Easy Tuna Kimchi Stew (Chamchi Kimchi Jjigae)

Difficulty Easy

An easy and warming Korean stew to make at home: Chamchi Kimchi Jjigae or Tuna Kimchi Stew! All the briny taste of the sea with omega-rich canned tuna. With the mouth-watering flavors of aged kimchi. You only need a few ingredients to make a bubbling soup that’s good for you and incredibly delicious.

What is Tuna Kimchi Stew or Chamchi Kimchi Jjigae?

Tuna Kimchi Stew, also known as Chamchi Kimchi Jjigae, is a popular Korean soup made with lots of sour kimchi and pantry-friendly canned tuna fish. Cozy and comforting, it’s a staple in Korean home cooking. The perfect soup on a cold day!

In Korean cuisine, there are multiple kinds of Kimchi Soup. One of my favorites, Pork Belly Kimchi Jjigae, contains tender chunks of pork belly and little pork riblets. The fatty pork melts in your mouth. A decadent Kimchi Jjigae that is rich, savory, and quite luxurious.

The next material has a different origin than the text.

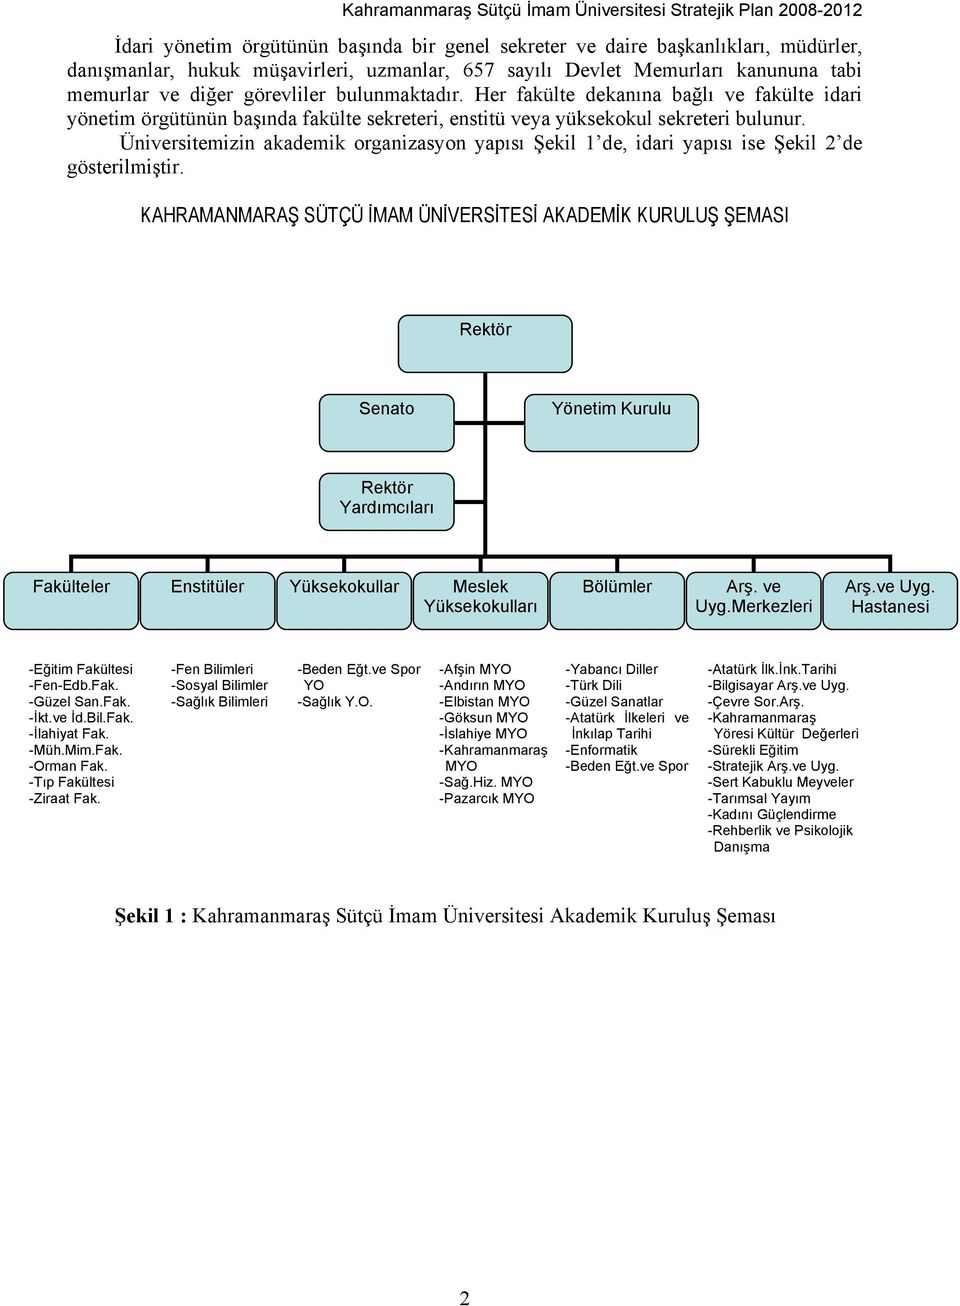 Üniversitemizin akademik organizasyon yapısı Şekil 1 de, idari yapısı ise Şekil 2 de gösterilmiştir.
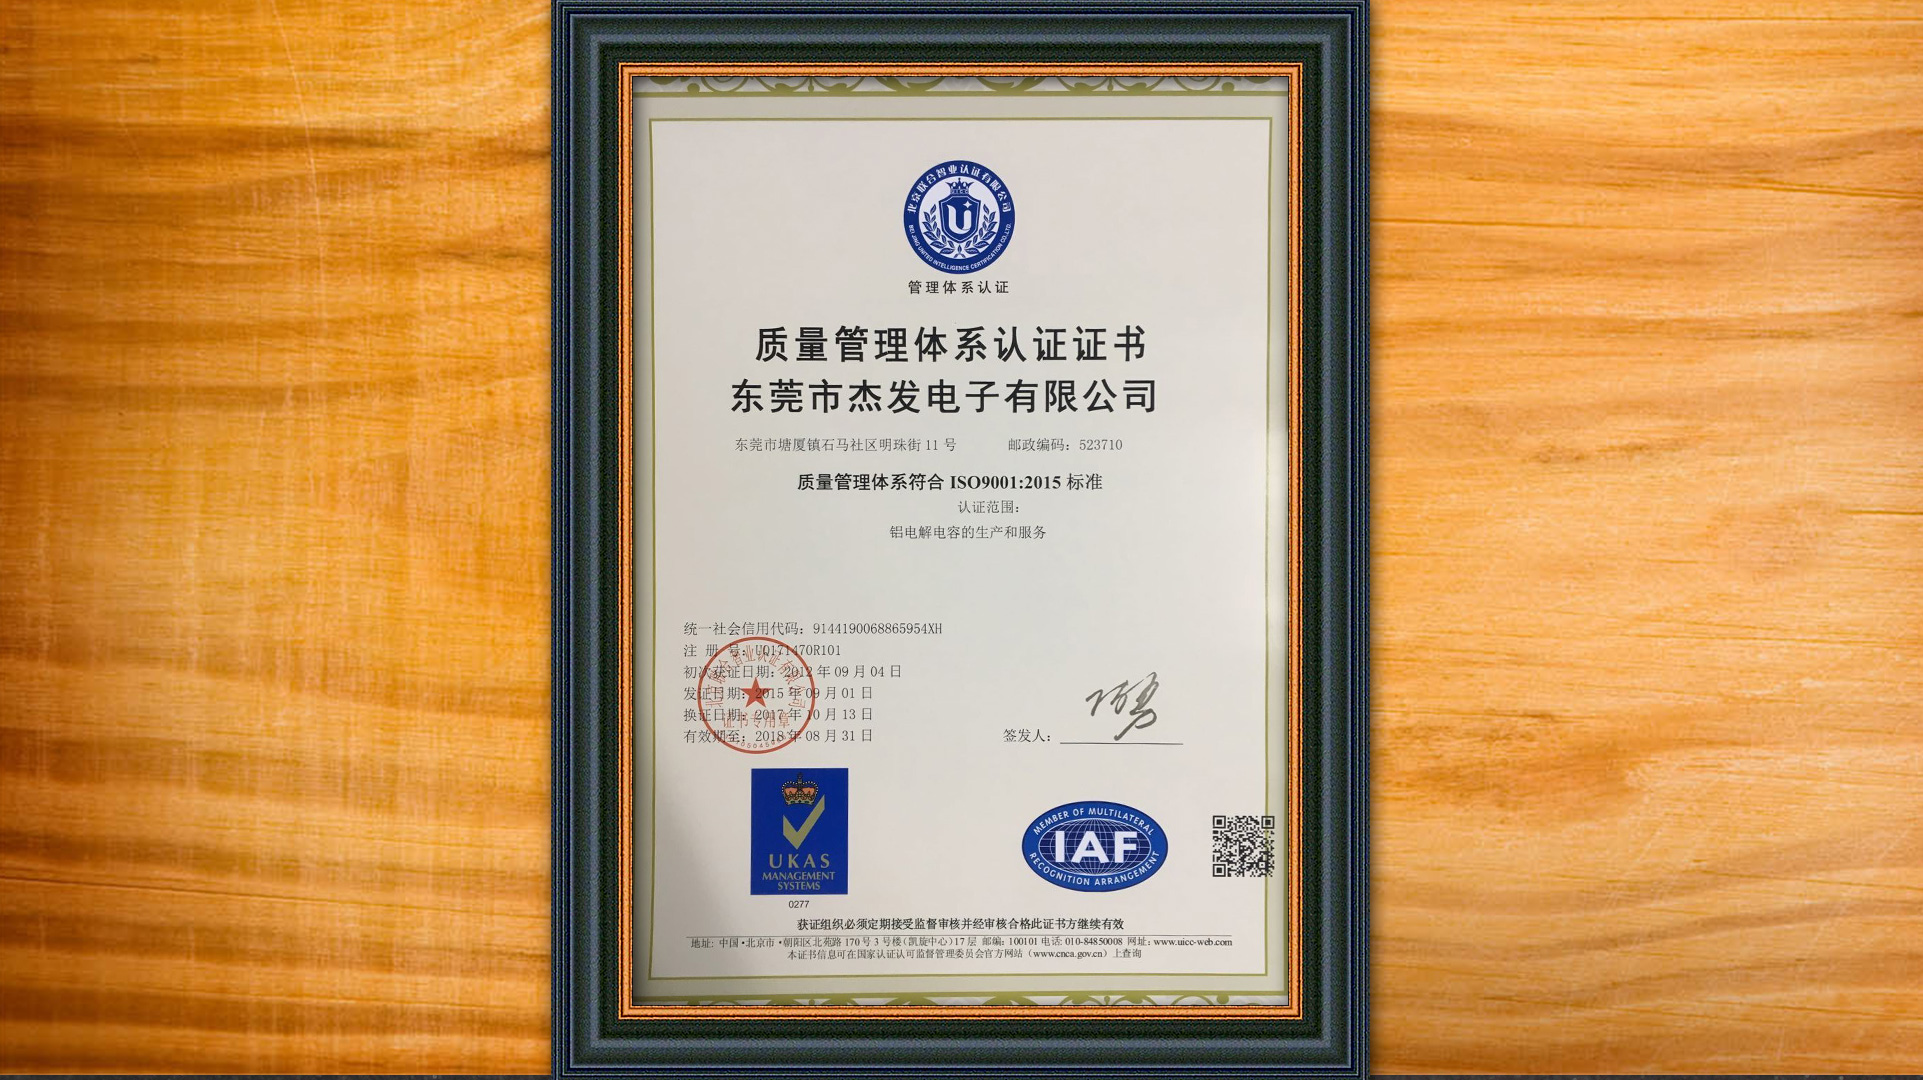 质量管理证书2015版中文

By contrast, Tuna Kimchi Jjigae is lean with a clean seafood flavor. Instead of the full, rich flavor of pork — it’s seasoned with flavors of the sea. The tuna version is lighter and less meaty. It also contains less saturated fat with more good-for-you Omega-3 fatty acids. A healthy Tuna Kimchi Jjigae recipe that’s also incredibly tasty.

In Korean, “Chamchi” means “tuna.” A simple can of tuna is a healthy and delicious way to enjoy Kimchi Jjigae. The briny, salty flavor pairs so well with kimchi. A home staple in Korean cuisine that’s filling, inexpensive, delicious, and nutritious. Enjoy!

Ingredients:

  • Kimchi. The taste of sour kimchi makes Korean kimchi soup shine. When cooked down, the fermented acidic bite becomes mellow and tangy. So delicious!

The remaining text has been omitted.